This is a patch season for your MEG appliance. We had MEG 7.5.1 (patch 1 for MEG 7.5) posted to our download site on October 14, 2013. Currently MEG 7.0.4 (patch 4 for MEG 7.0) is underway and expected to be released within a couple of weeks. This week I'd like to introduce a special consideration which you'll need to be careful when installing patch to your MEG appliance that is managed by ePO.
You can install the MEG patch from System, Component Management, Package Installer, Update From File. Before you install the MEG patch to an Appliance that is managed by ePO, you must disable ePO management and update the Extensions on your ePO server. Otherwise, you may encounter unexpected behavior on your Appliance (for example, the management console becomes unavailable).
The reason why we need to follow the process is to avoid mismatch in ePO extension and appliance configuration file structure between MEG appliance and ePO server. MEG appliance holds its configuration as XML files in the backend. MEG patch may add and/or change the structure and/or value of the XML configuration files in order to introduce enhancement and/or fix. MEG patch may contain updated ePO extensions that is aligned to the enhancement/fix. If XML file structure and ePO extension are not updated in sync among MEG appliance and ePO server, ePO would push configuration to the MEG appliance with wrong format and/or value, which could result in various unexpected behavior.
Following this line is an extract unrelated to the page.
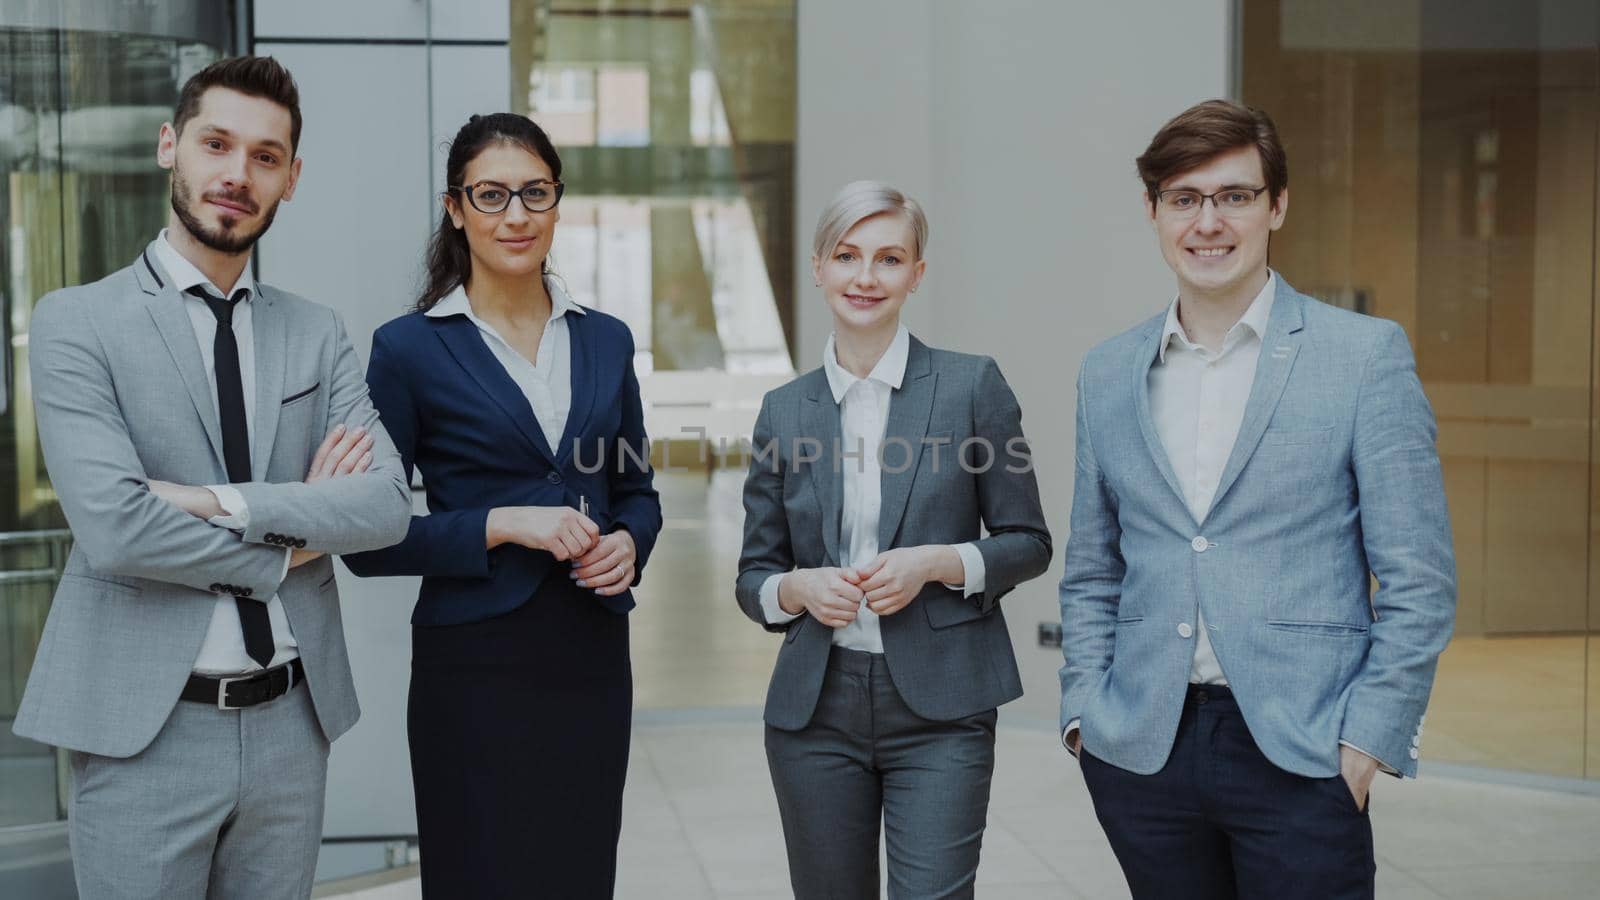 Portrait of group of business people smiling in modern office indoors. Team of businessmen and businesswomen standing together

The process for installing MEG patch to ePO managed MEG appliance is outlined below:
Disable ePO management on the appliance.
Install the MEG patch.
Update the ePO extension for your ePO server.
Export the appliance configuration and import it in the ePO policy catalog.
Re-enable ePO management on the appliance.
We prepared KB79376 for the details of this process. Patch release notes for MEG 7.5.1, MEG 7.0.4, and their successors will have a hyperlink to KB79376 and explicitly warn. Please see KB79376 before installing patch to your MEG appliance that is managed by ePO.
Please also see KB79376 if you happened to install MEG patch to your ePO managed MEG appliances, which resulted in your MEG appliance console/dashboard being unresponsive. Then contact McAfee to arrange a remote session to resolve the issue accordingly.